*Recorded information*:
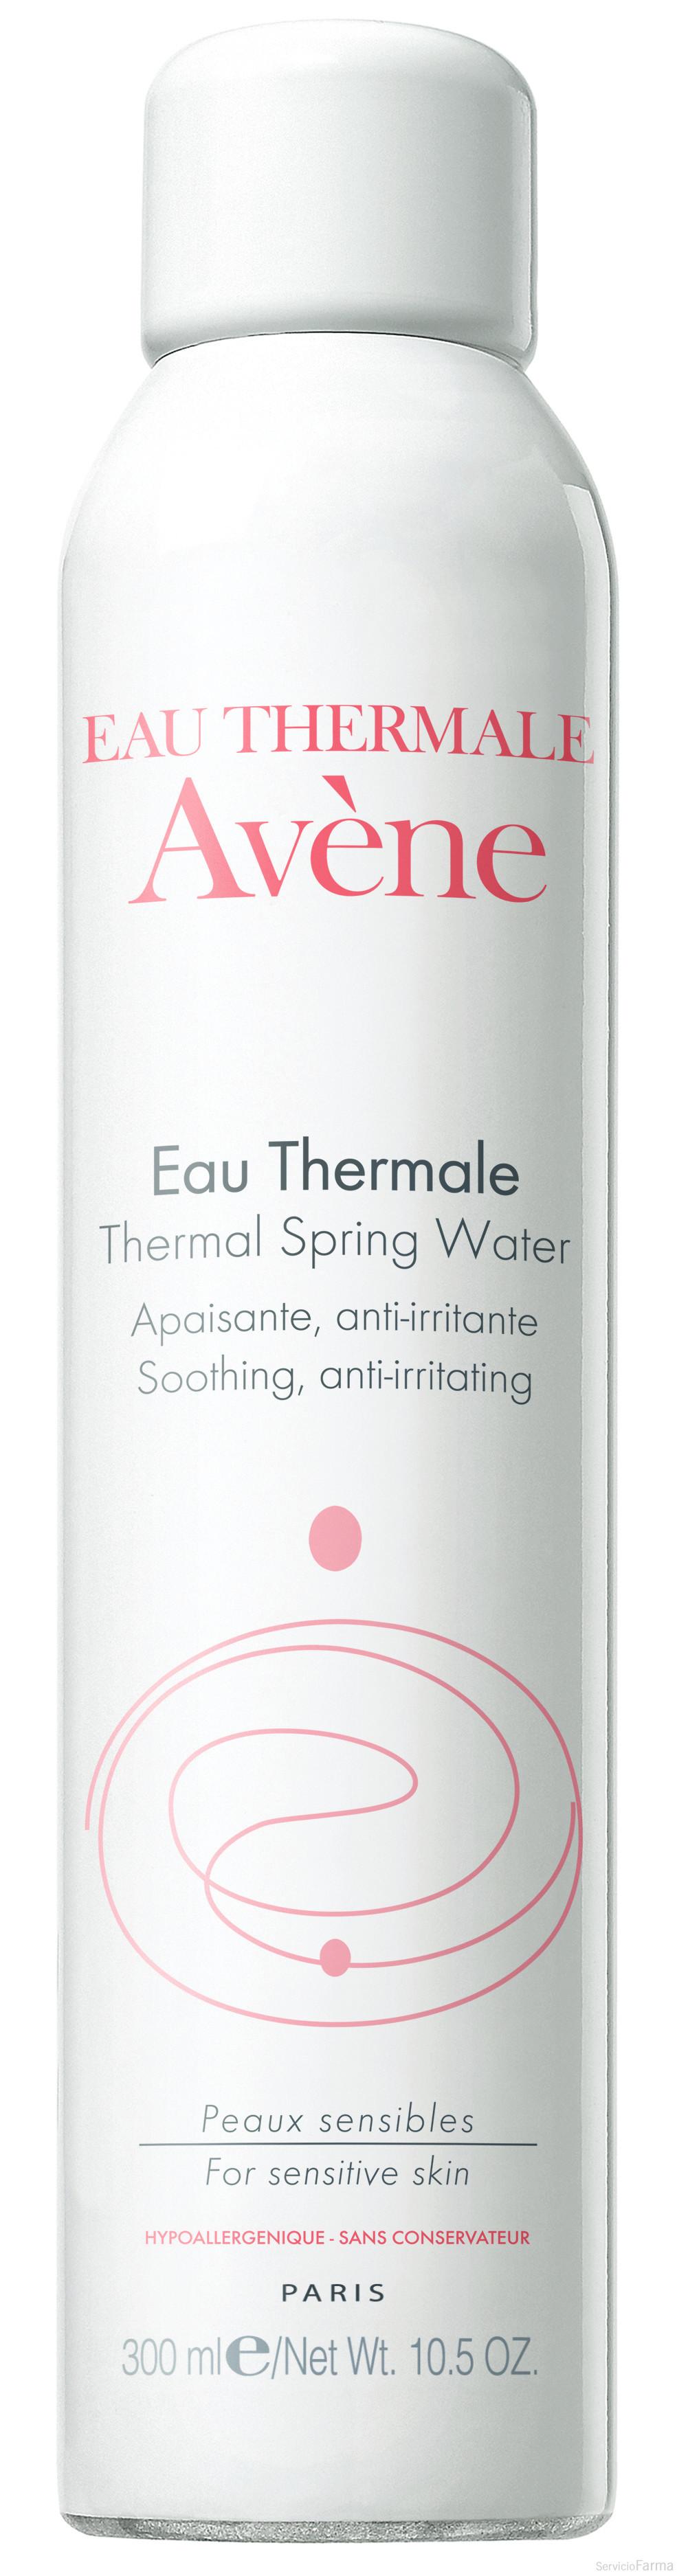 Avene Spray Agua termal 300 ml
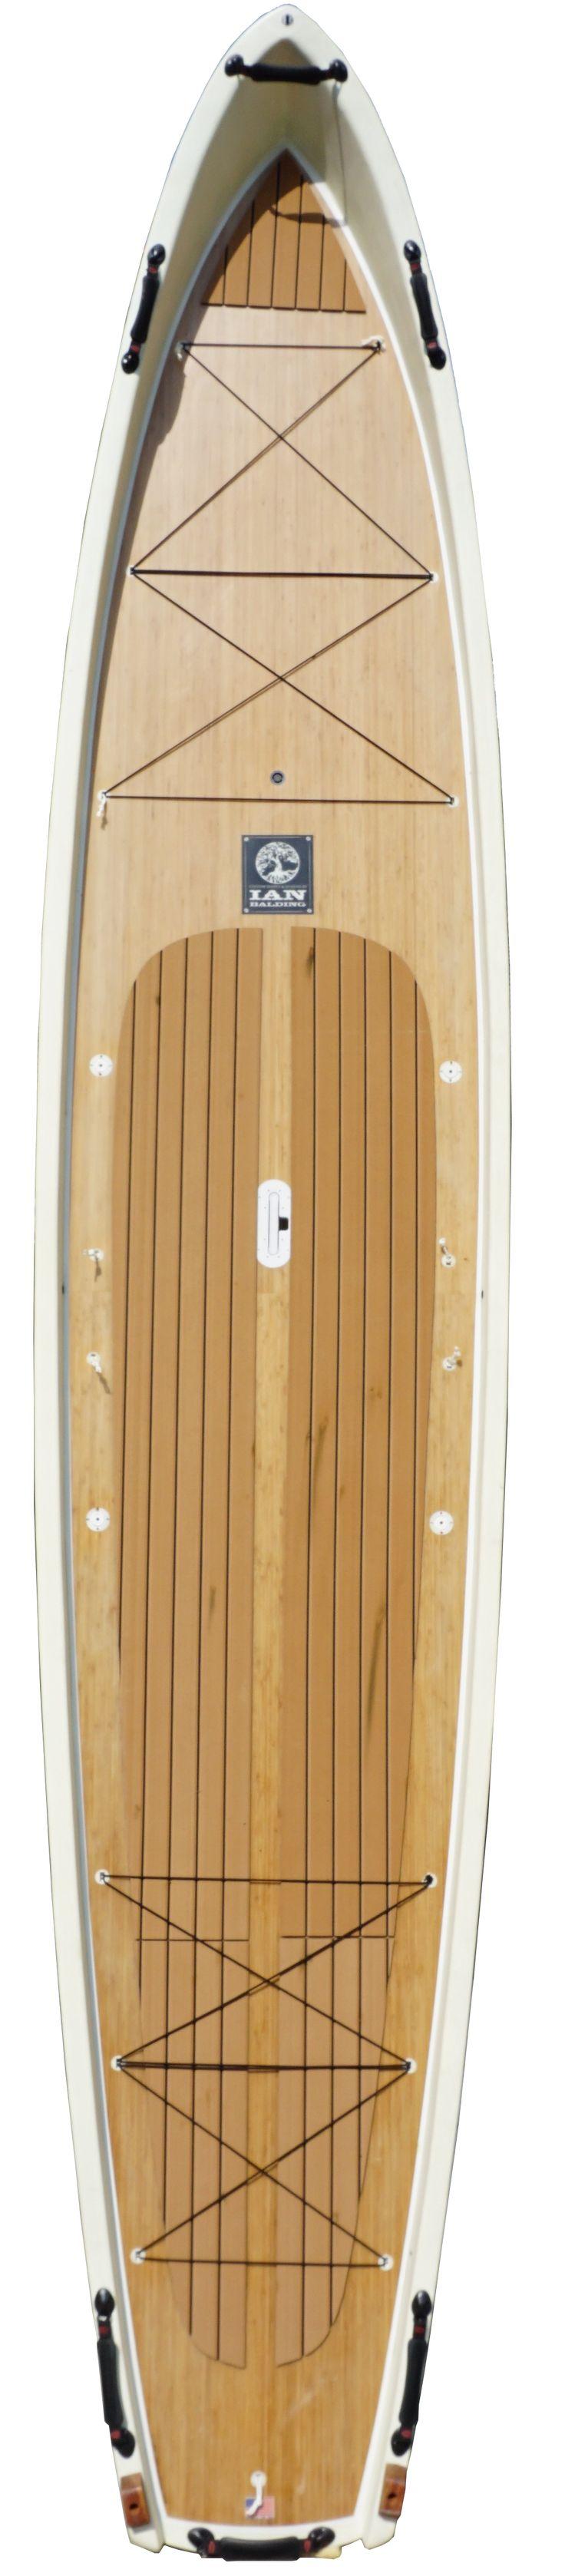 Best 25 Paddle Boarding Ideas On Pinterest Paddle
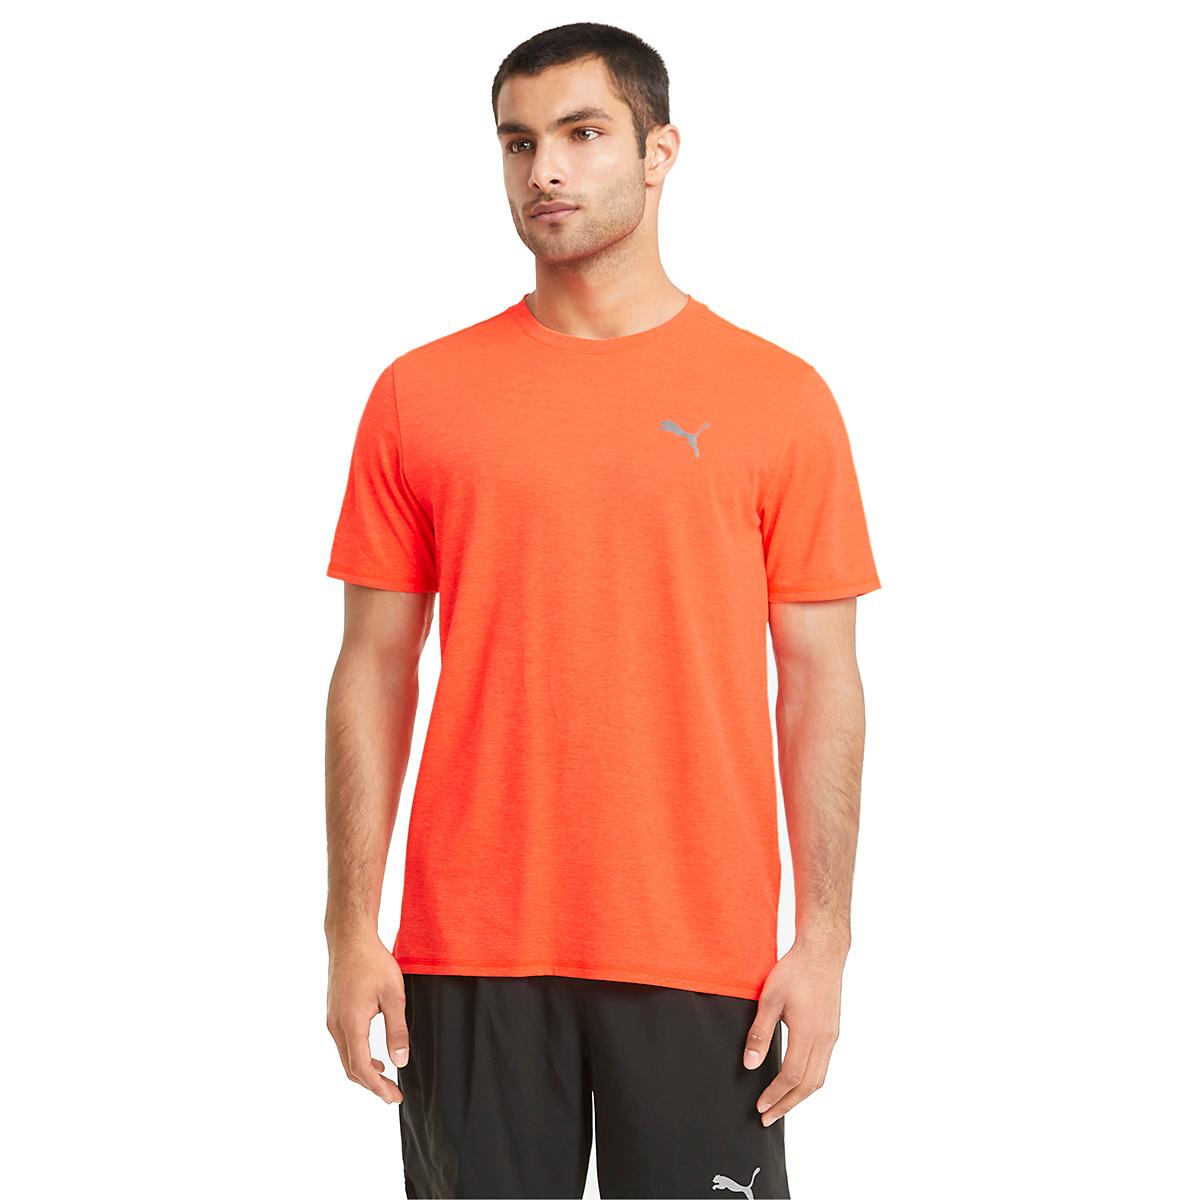 Men's Puma Favorite Heather Short Sleeve Running Tee - Color: Lava Blast - Size: S, Lava Blast, large, image 1
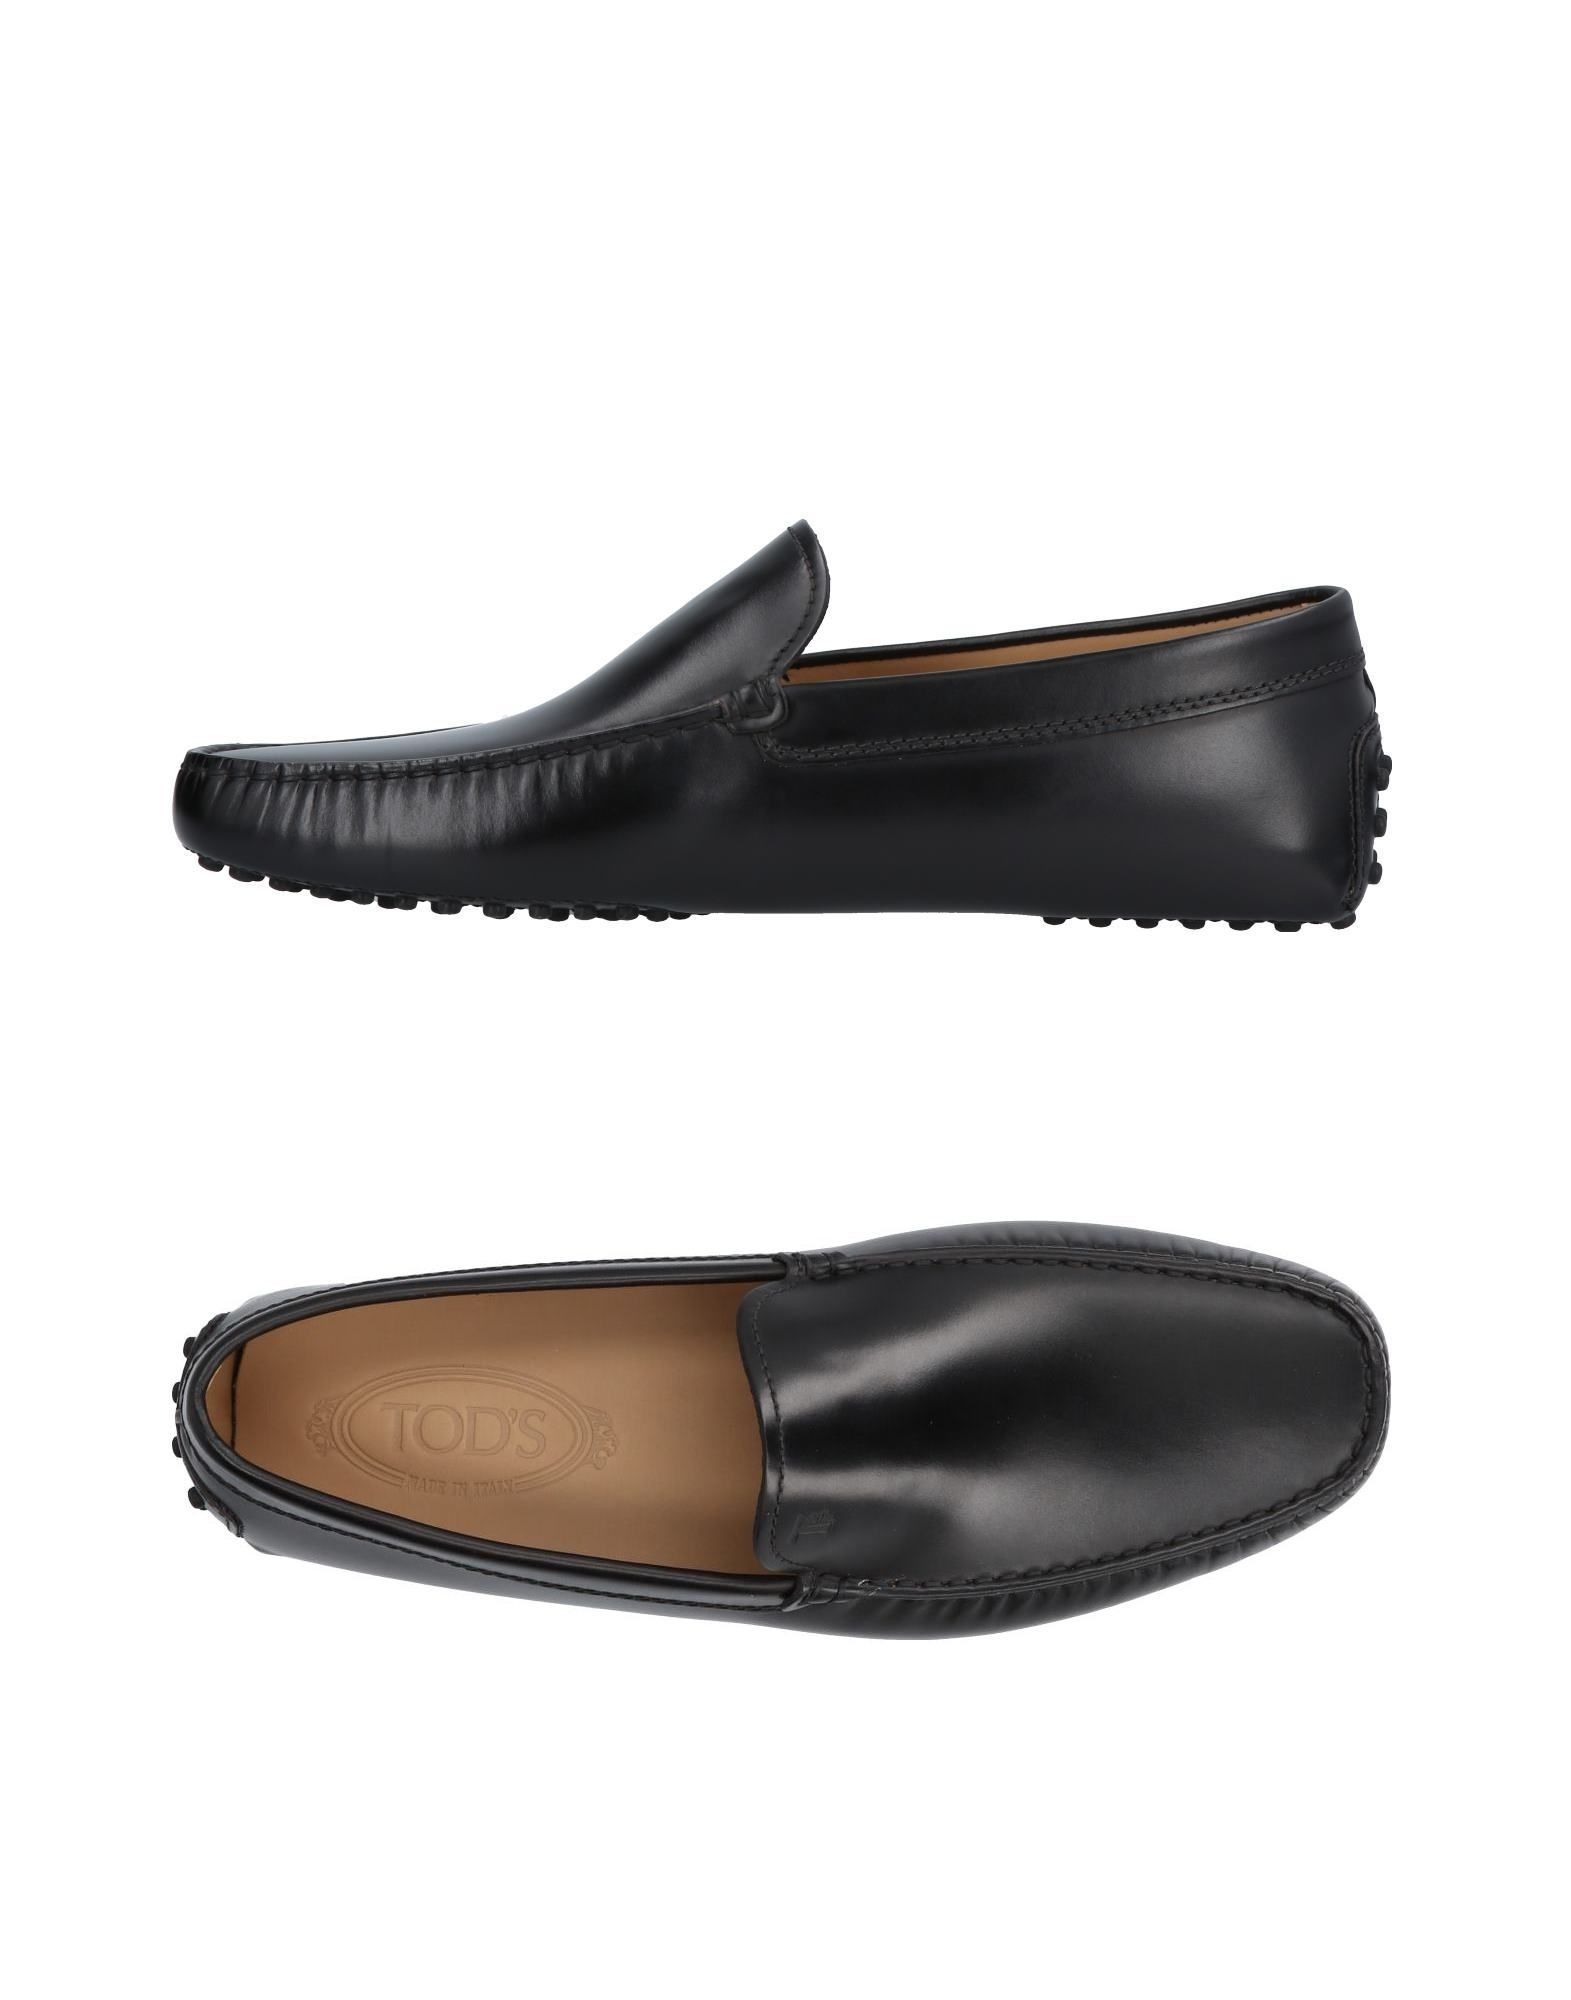 Tod's Gute Mokassins Herren  11413442CG Gute Tod's Qualität beliebte Schuhe b5c6c6

*Exercise aim*: Without the pictures, output the full listing exactly as it stands.

*Output of the exercise*:
 Avene Spray Agua termal 300 ml
 Best 25 Paddle Boarding Ideas On Pinterest Paddle
 Men's Puma Favorite Heather Short Sleeve Running Tee - Color: Lava Blast - Size: S, Lava Blast, large, image 1
 Tod's Gute Mokassins Herren  11413442CG Gute Tod's Qualität beliebte Schuhe b5c6c6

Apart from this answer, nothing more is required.